Dick Gordon in (Command Service Module) is just about to go behind the Moon.
114:51:55 Conrad: Boy, you can tell those are brand new gloves; I can hardly get my fingers down 'em. (Pause) (Garbled)
114:52:21 Conrad: Before you cover your wrist (with the outer gauntlet), let me check your (wrist) lock (as per checklist). (And) check mine. (Pause)
[Frequency has shifted down to base line]

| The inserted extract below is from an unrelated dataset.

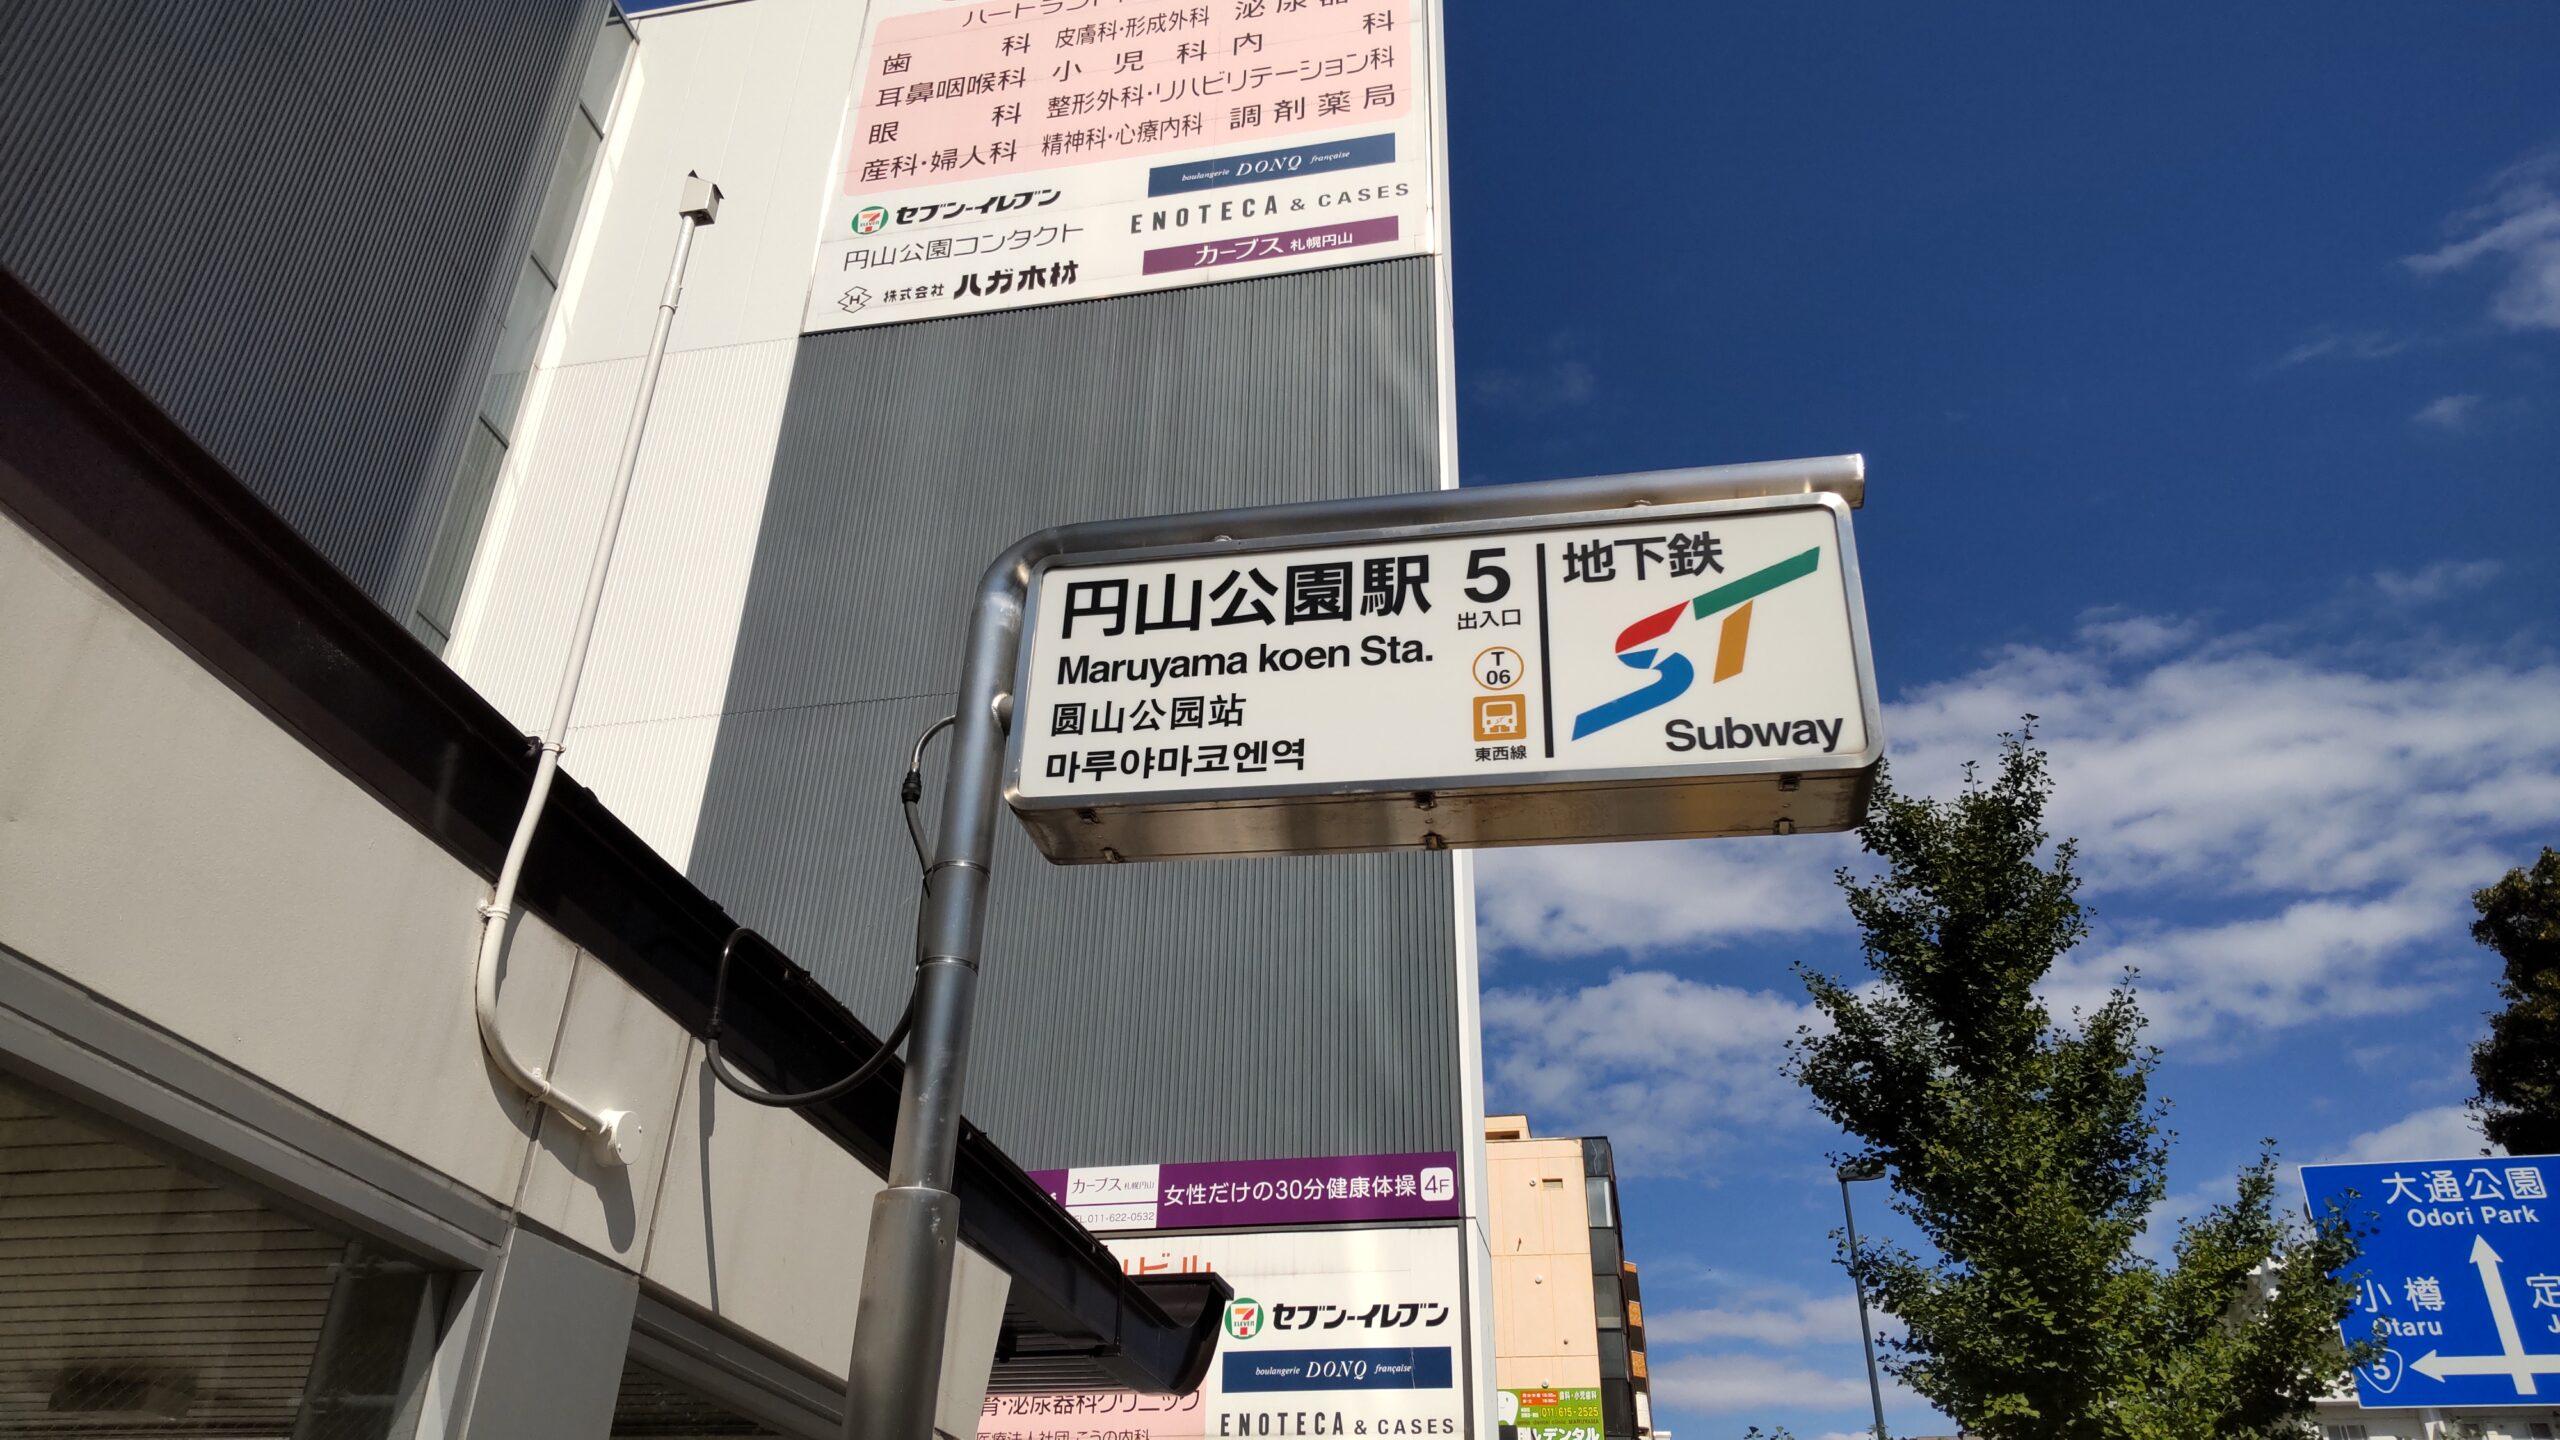 札幌市営地下鉄東西線「円山公園駅」
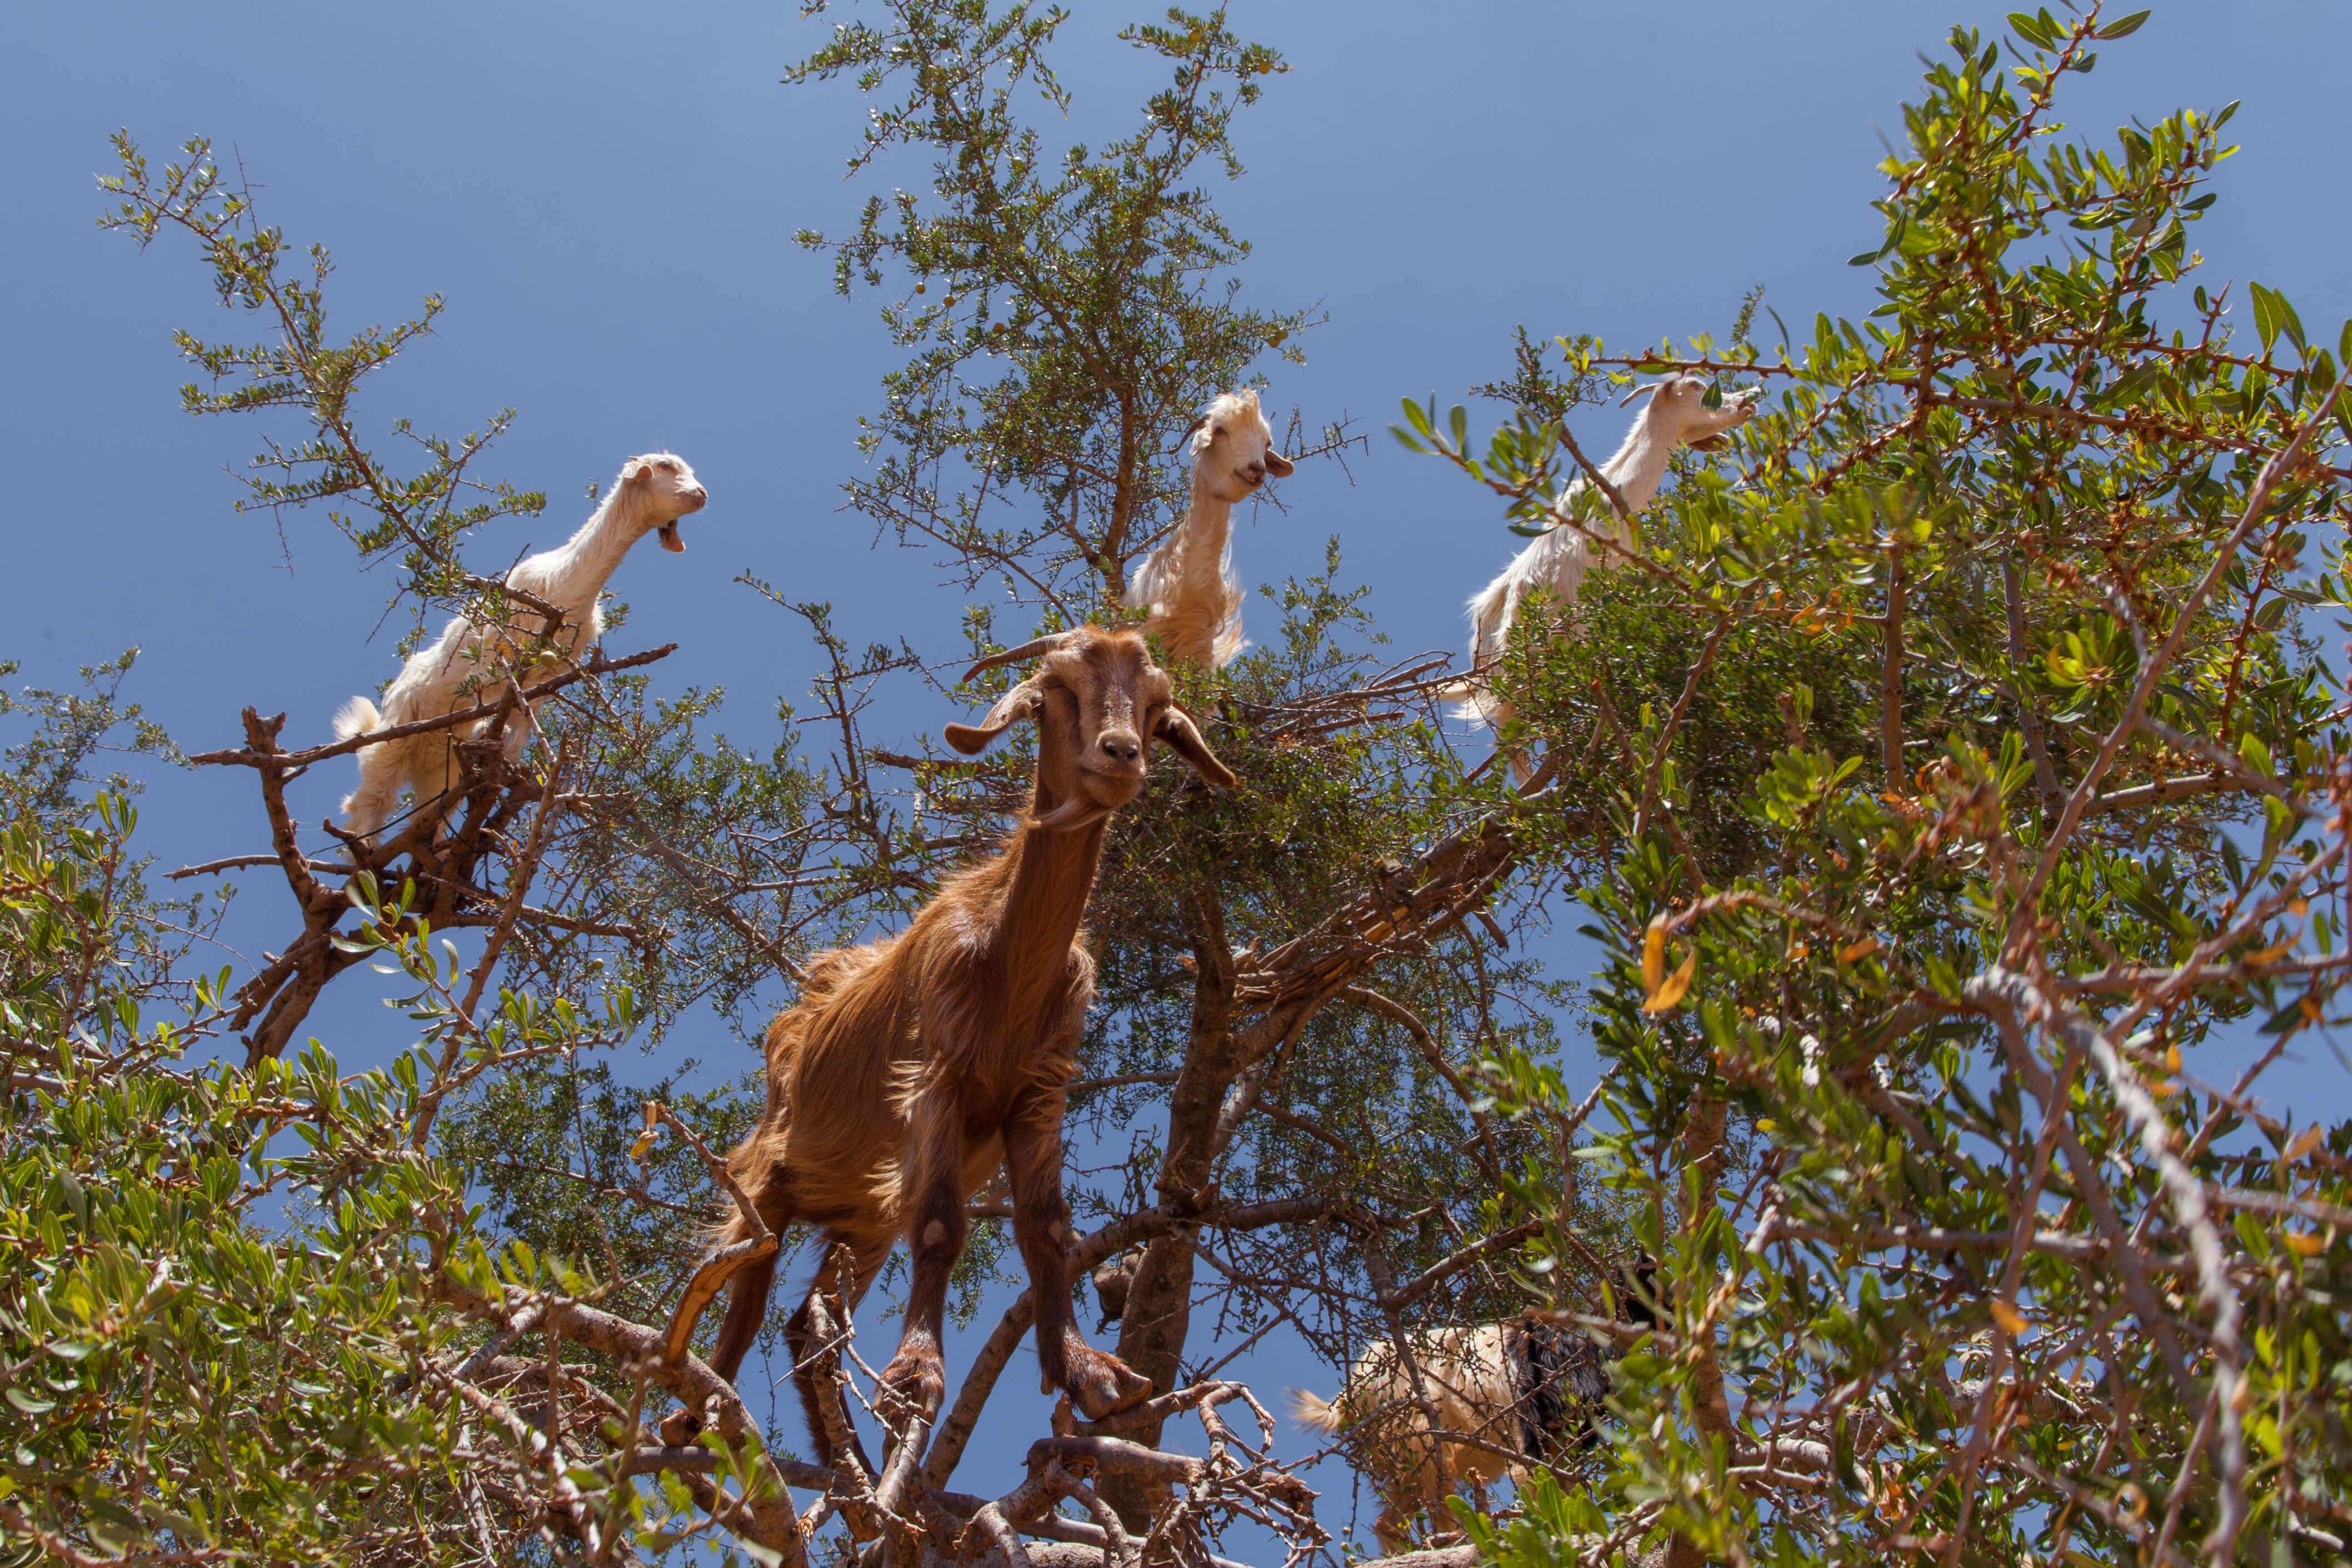 Une escapade au cœur de la campagne marocaine vous fera rencontrer des scènes insolites comme ces chèvres perchées dans les arganiers.

The key insight is that the electromagnetic frequencies, in the form of voice communications, contain information (frequency shifts) that indicate the approach and transit of a spacecraft 60 nautical miles above the surface. Though I do not understand the underlying physics as to why this is occurring, detecting the doppler-like shift in the frequency in the audio recordings, as subtle as they are, is possible. Researchers now know where to look for the data. The compound electromagnetic frequency matches extracted from the audio recording indicating the presence of the orbiting Yankee Clipper can be requested by researchers investigating this process.